Al llevar en descuento ya cuatro vidas, dediqué la hora de la comida a pensar cuántas traería mi cuerpo de serie y cuántas habría ya consumido en la adolescencia, época en que más locuras comete una. ¿Habría obedecido yo en mi pasado a tales restricciones como ahora le pedimos a la juventud?

El quinto y último intento de acabar conmigo que tuvo “la dama de la guadaña” fue cuando más relajada me encontraba paseando a mi perro al atardecer, sin prisa, sin aglomeraciones de gente, respirando el olor a salitre… Demasiado bucólico para ser cierto, de modo que la algarabía festiva amparada en la nocturnidad no tardó en hacerse visible. Labios y mentones al descubierto en un hervidero de virus dándose el festín comentaban que nos están arrebatando la libertad al obligarnos a poner mascarilla, que el Gobierno nos engaña exagerando una epidemia que en verdad no es para tanto, que nos secuestraron en casa coartando nuestros derechos, que habría que salir a tirar piedras a los gobernantes. Y otra vez en la historia confundimos las prioridades creyéndonos la leyenda de la libertad obscena del valiente.

Sinceramente, me preocupa mucho más llamar setenta y seis veces al centro de salud sin que me respondan, hacer consultas telefónicas al médico y conseguir una receta de antibióticos sin que ningún facultativo me haya examinado, o hacer cola en la sucursal bancaria como ovejas en un rebaño apelotonadas a la puerta. Todo esto sí que es para arrojar piedras si pensamos que en la cafetería es la misma persona la que te atiende que la que desinfecta las sillas y las mesas. No se puede cargar otra vez más el peso de la pandemia sobre los mismos, no es justo. Y cuando la curva de estrés está en su punto álgido, es cuando al director del Centro de Coordinación de Alertas y Emergencias Sanitarias se le ocurre públicamente justificar que viajó fuera de España porque estaba saturado.

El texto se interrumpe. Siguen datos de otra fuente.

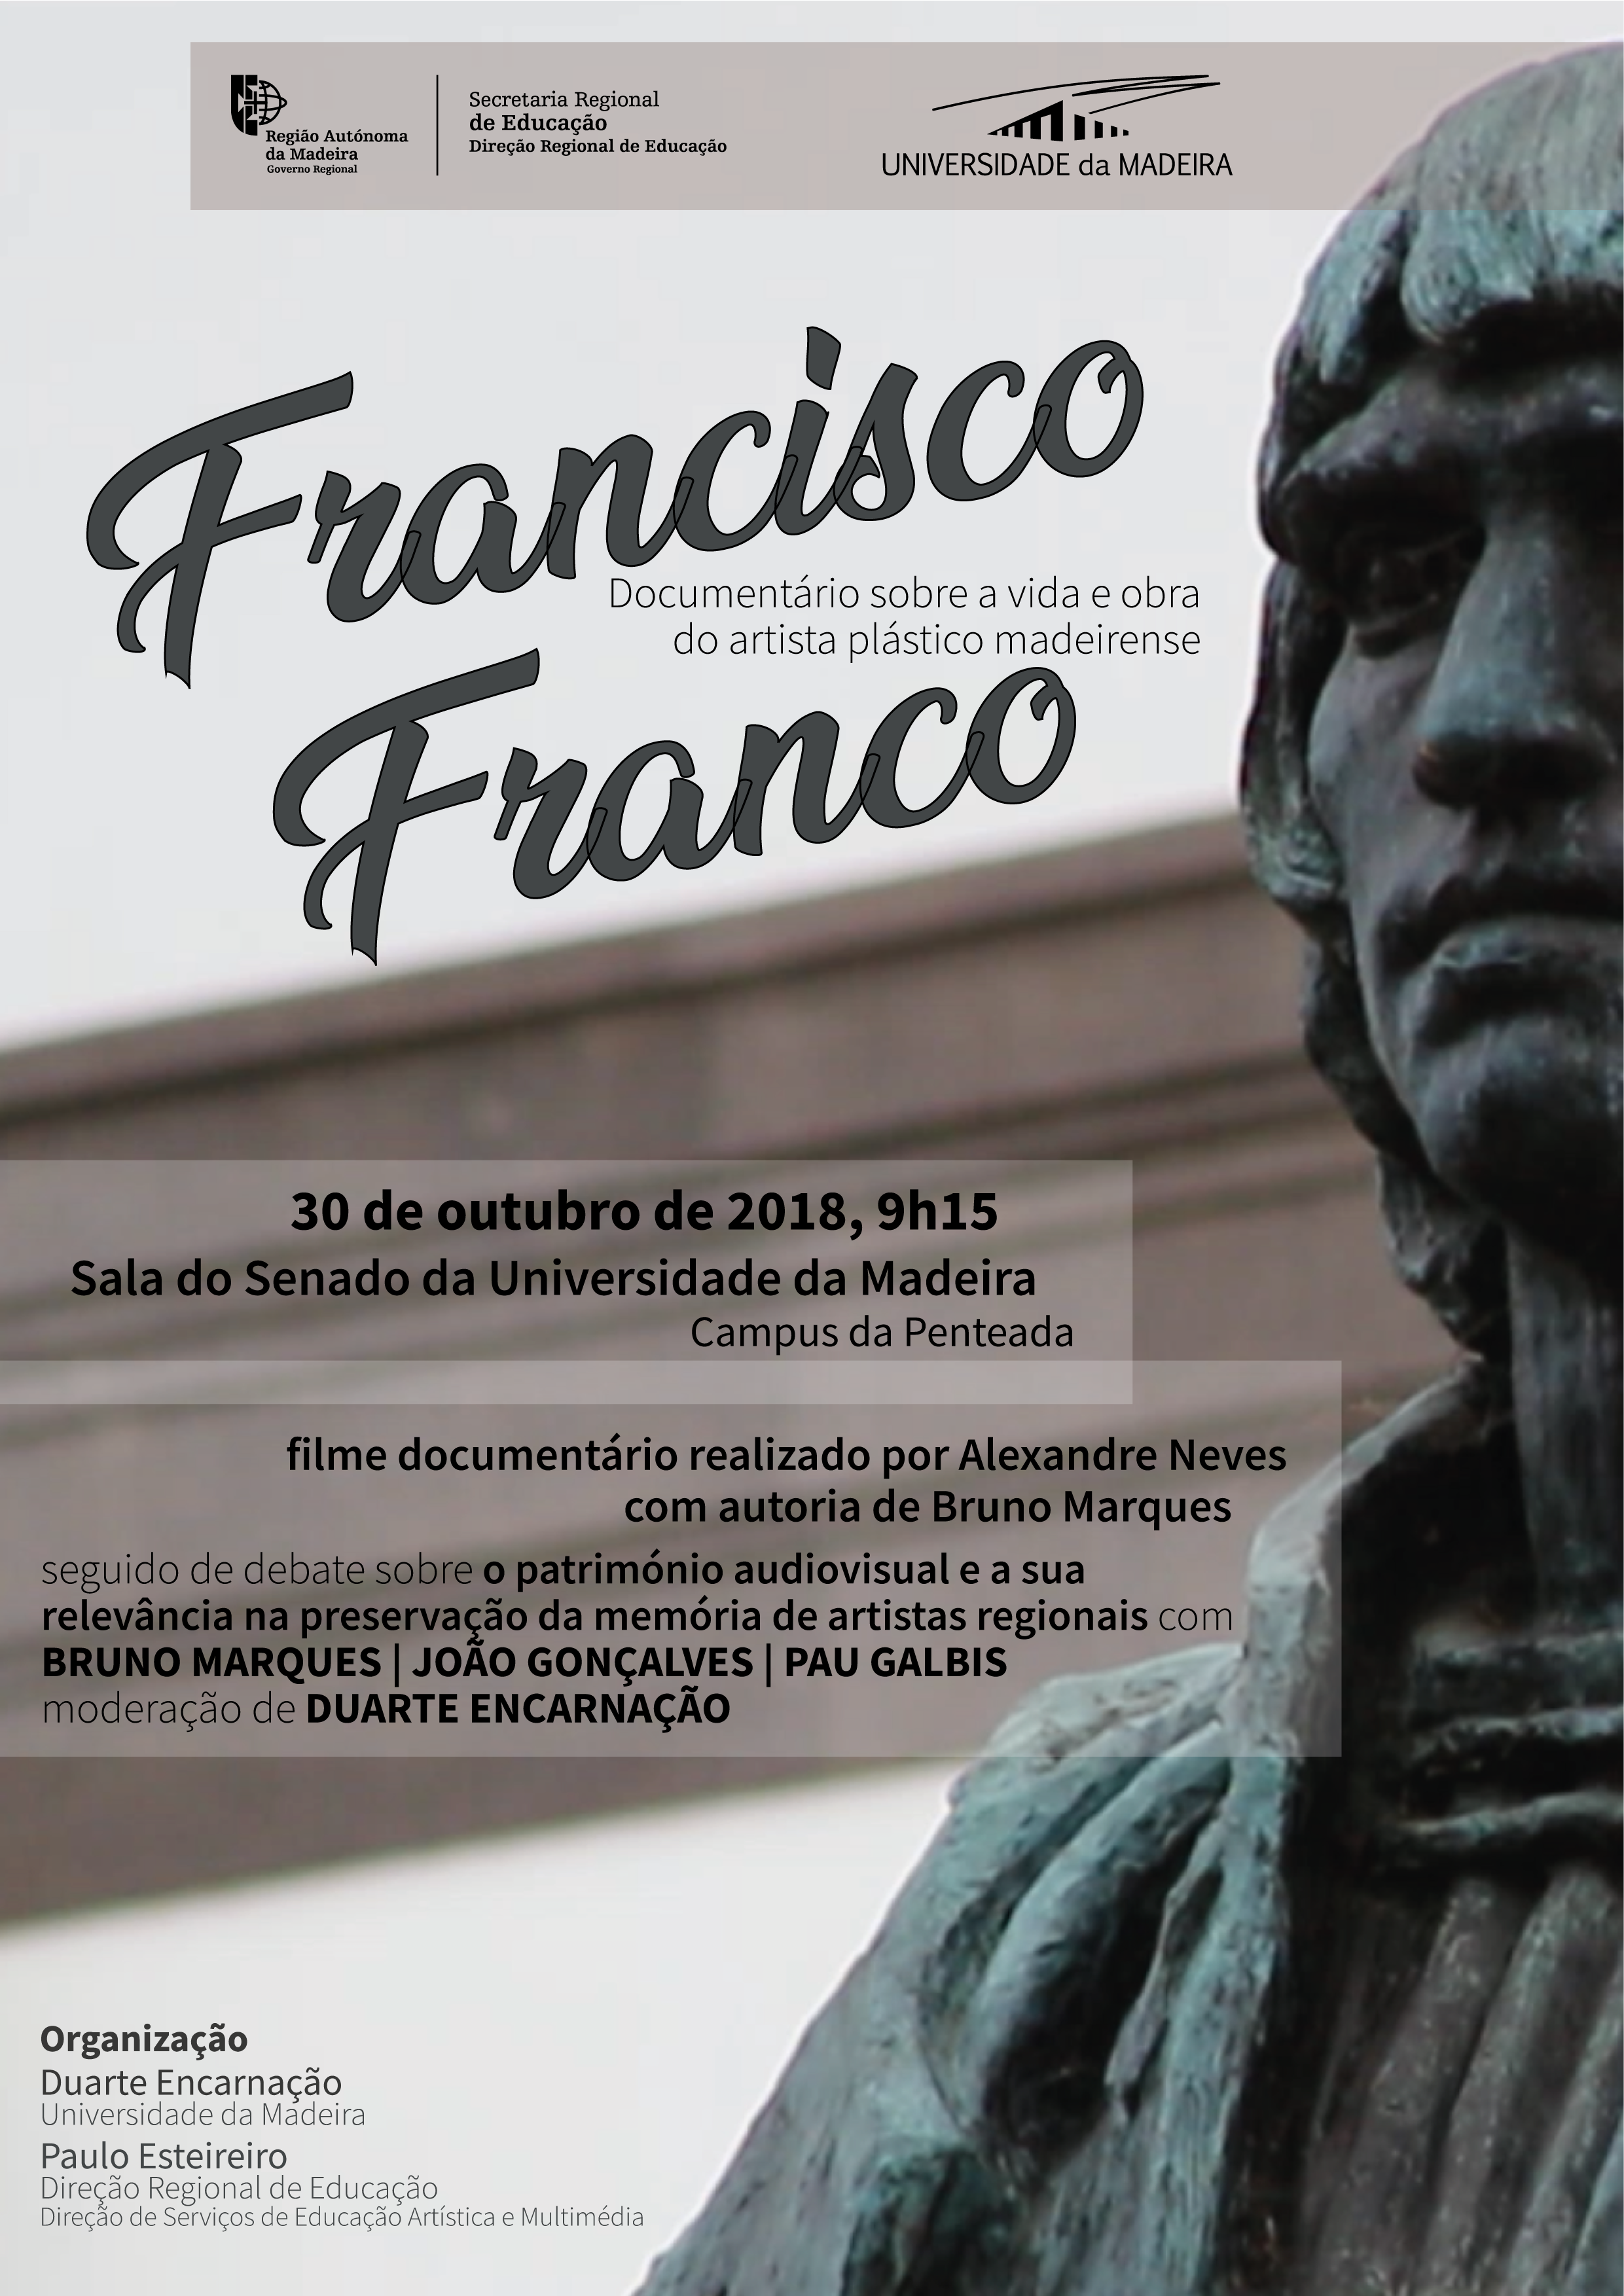 Documentário 'Francisco Franco' exibido no próximo dia 30 de outubro
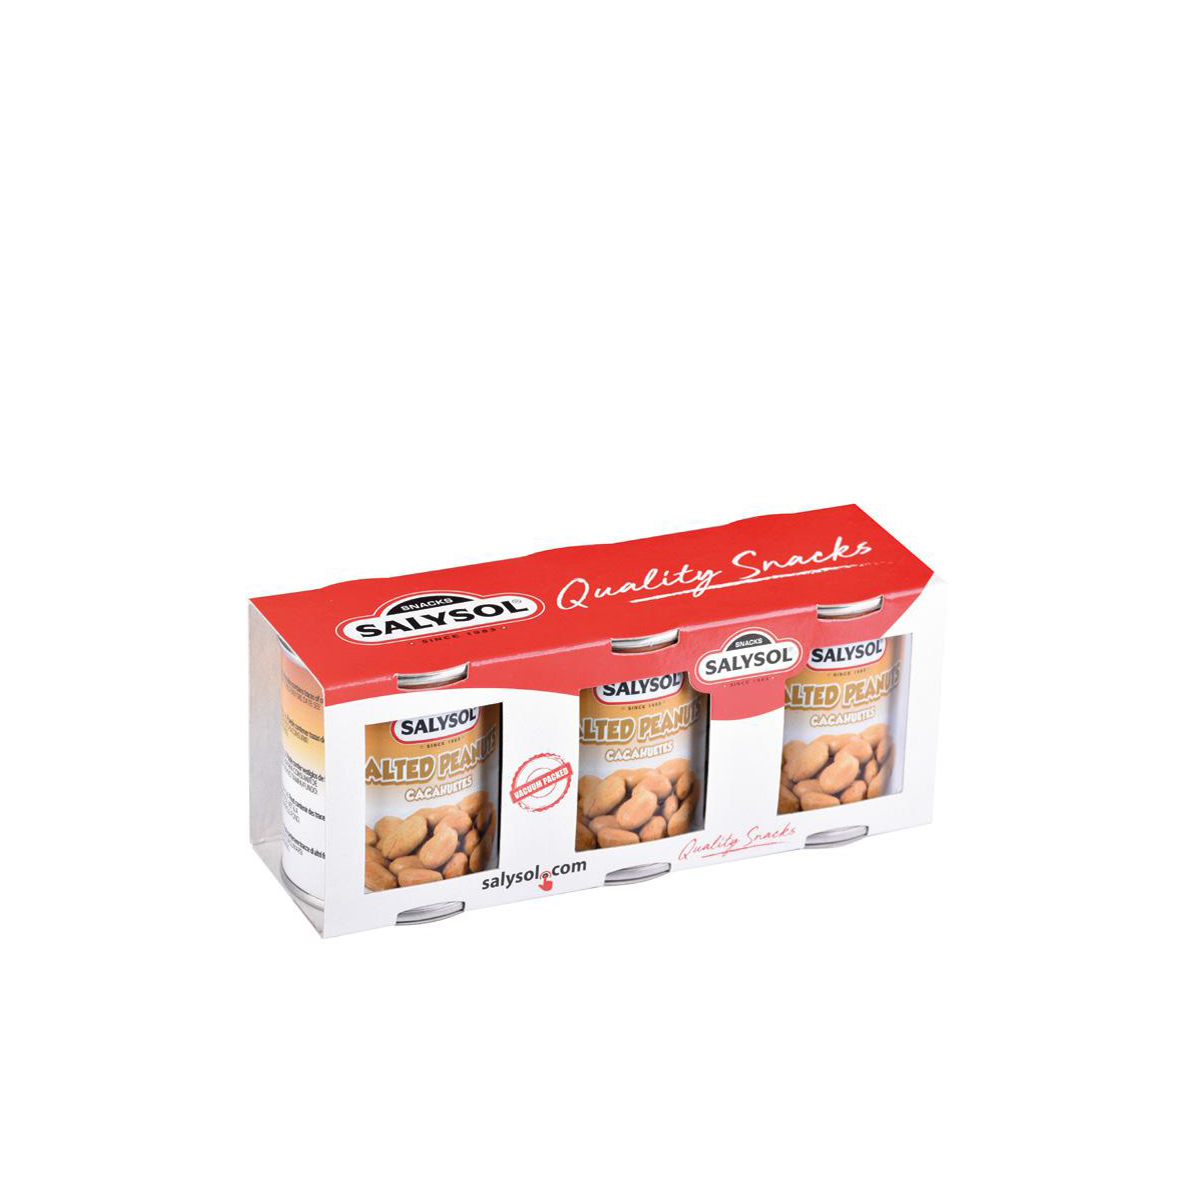 MINIBAR!!!Salysol Snack-Sorten Karton mit 48 Dosen Für die Minibar.

Ponerse en los zapatos de otro es muy difícil, ahora bien, si a todos los que no cesamos la actividad laboral desde el inicio del estado de alarma, si a todos los cajeros que cobraron a cientos de personas al día sin ningún tipo de protección cuando esta pesadilla apareció y a cualquiera que se queje de bloqueo mental se le ocurriera hacer un viaje para desestresarse, ¿de qué servirían las recomendaciones? El confinamiento no se vivió igual en un chalet que en una habitación compartida de un piso de Madrid con vistas a patio interior, aunque las infantas nos enviaran un mensaje de ánimo desde su jardín. “Haz lo que yo te diga y no lo que yo haga”, refranero que tanto nos ha enseñado.

Que nos manipulan, cierto. Que nos mienten, por supuesto. Que la información está controlada y restringida, como siempre. Que el virus existe, preguntémosle a Trump, a Bolsonaro, a Ortega Smith. Que la mascarilla es mala para la piel, ¿alguien lo duda? Que nos puede salvar la vida, vaya usted a saber. Aunque más que tirar piedras hacia alguien quizás deberíamos preocuparnos de no tropezar con las mismas tantas veces.

De todos modos, ni siquiera un gato puede asegurar que tenga siete vidas, por tanto, creo que sería mejor no jugárnosla y acatar las recomendaciones, no vaya a ser que no lleguemos a celebrar las fiestas navideñas. Aunque este año a la Navidad no la salva ni Papá Noel con una máscara de gas soviética.